I'm working on a photo viewer. In this context, I wrote a small class to be able to read and use some EXIF data, as e.g. image orientation. This class works well for reading.
However, I want to add a new option to rotate photos. I want to rotate and write the photo data itself, not just rewrite the orientation tag. I already wrote the code to rotate and save the primary JPEG image, and it works well. But I also need to rotate the thumbnail contained in the EXIF data, if any, to keep the image coherent. For this reason I need to write in the EXIF data, to replace the existing thumbnail.
But this raises some questions, that I've some trouble answering, namely:
- Can the EXIF data contain more than 1 thumbnail, and if yes, what is the maximum thumbnail count that an image can contain?
- What are the supported formats for thumbnails? (I found JPEG and TIFF, are there others?)
- Is there any guarantee in the EXIF standards that the thumbnails are always written in the late EXIF data, just before the primary image?

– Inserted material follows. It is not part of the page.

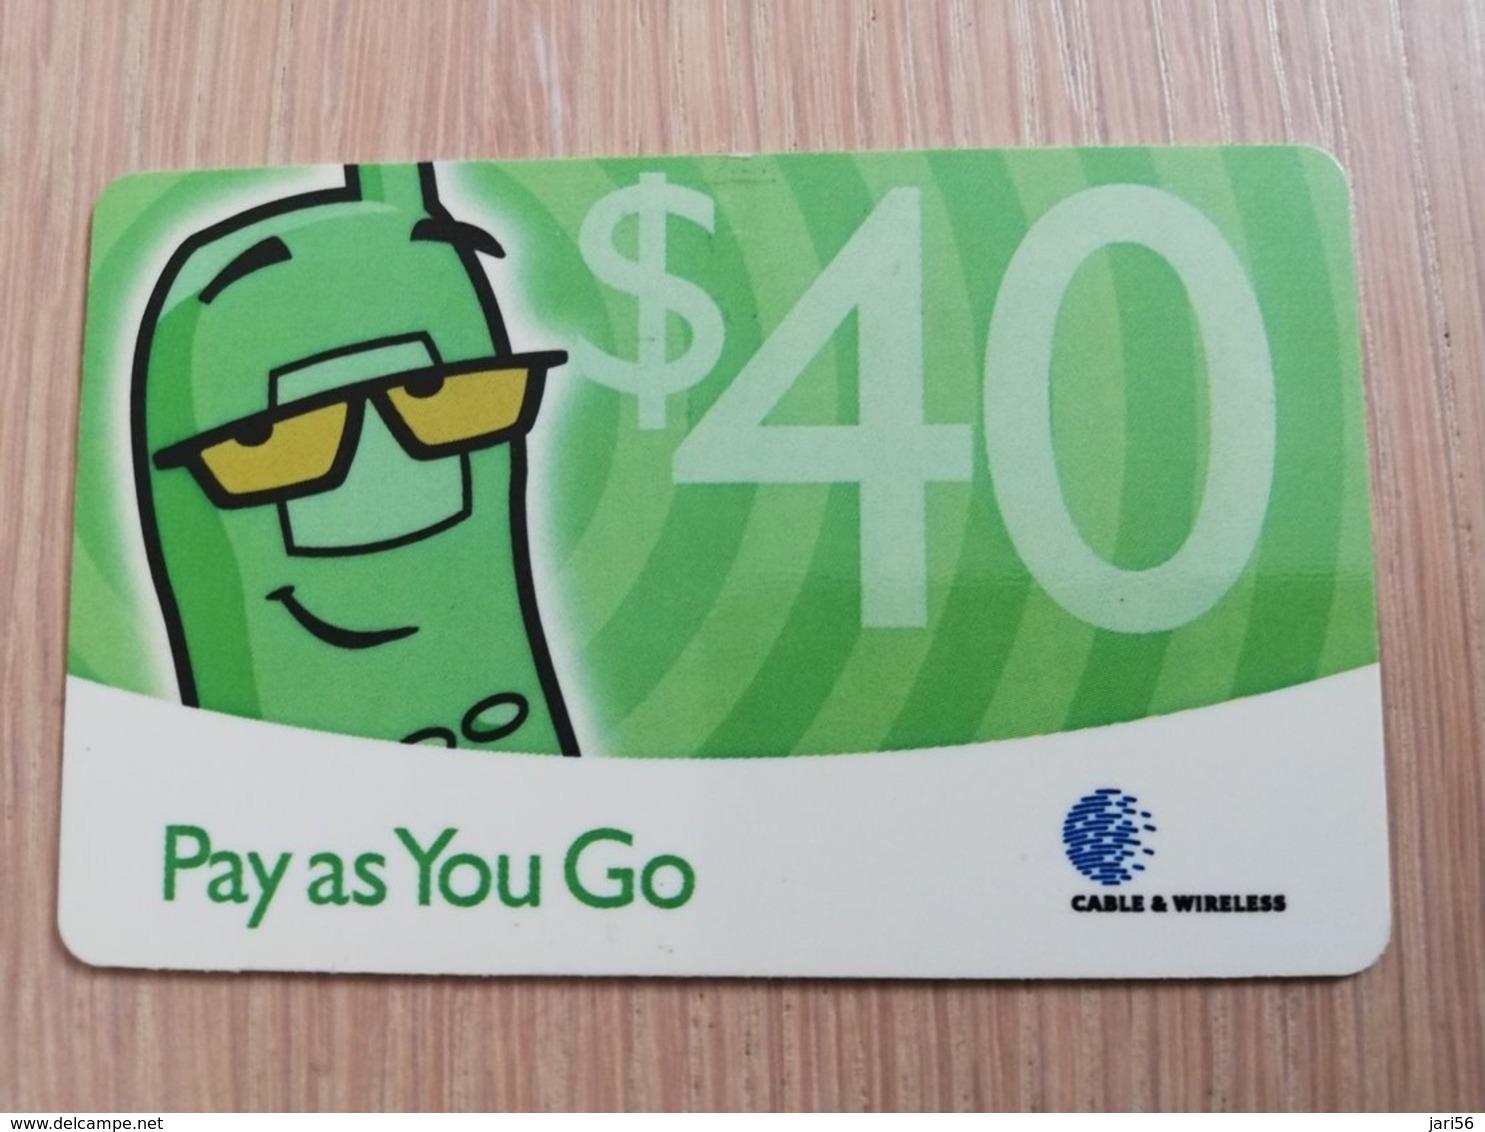 CAYMAN ISLANDS  $40,- PAY AS YOU GO GREEN  Prepaid  Fine Used Card  ** 2086 ** - Iles Cayman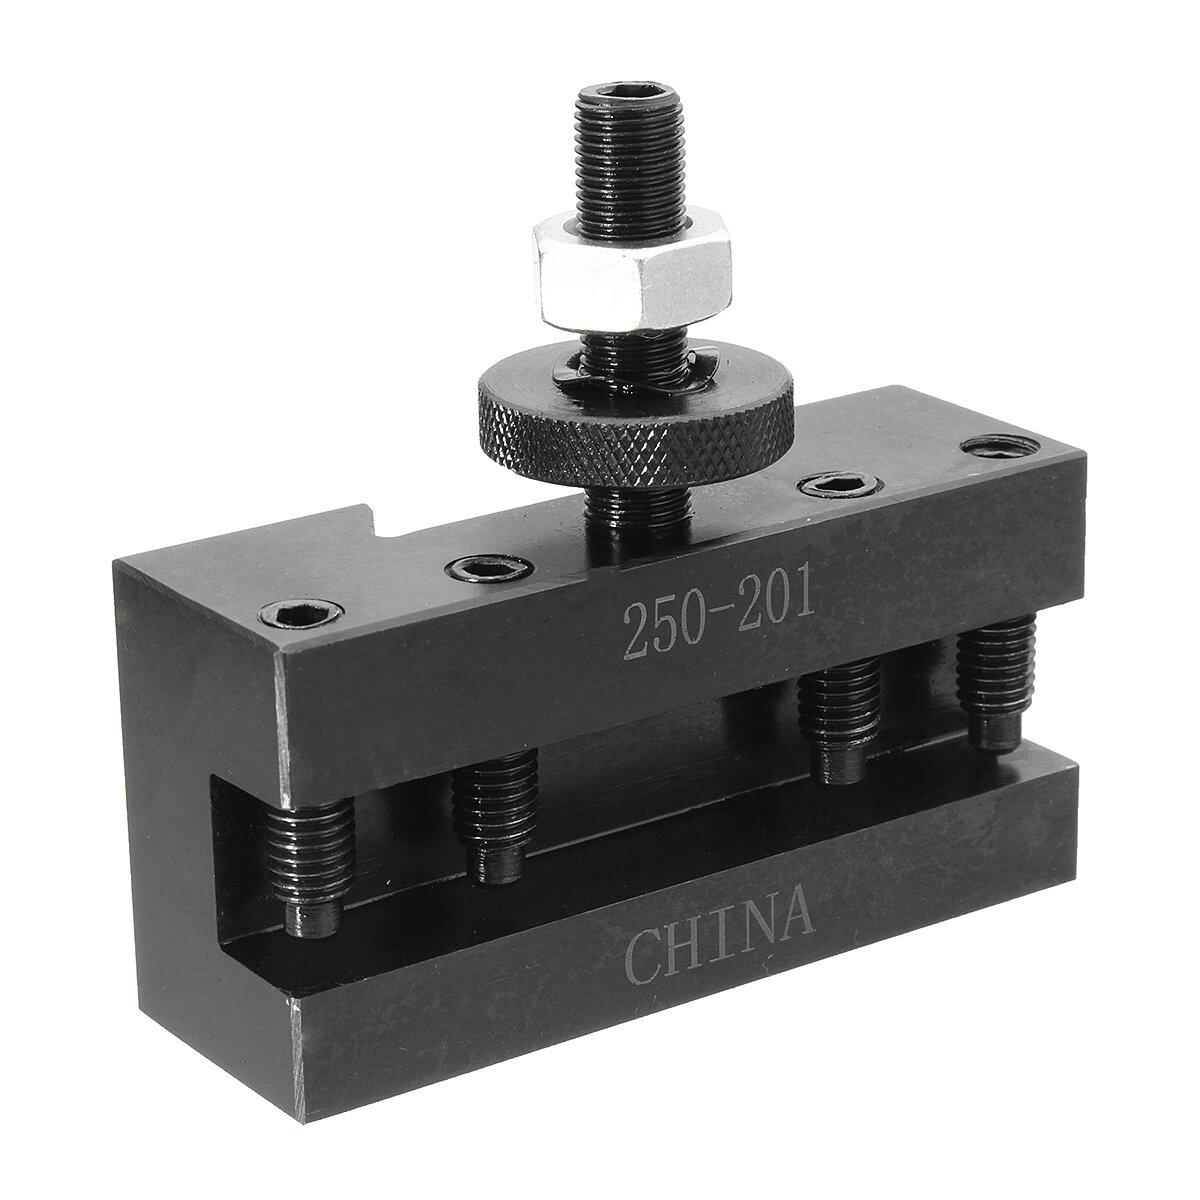 Quick Change Lathe Tool Bit Bits Post Holder For Turning /& Facing CNC Machine

- If not, then each tags containing an offset that points to a location beyond the thumbnail to replace should be updated. So, is there a standard way to iterate through all tags and sub-directories, to recognize which EXIF tags contain offsets, and to update them if needed? Or is the only way to read a number maximum of tags and rewrite only the ones that are known?
- Or is there a way to guarantee that the size of the newly rotated thumbnail will be smaller or equal to previous thumbnail size to replace with?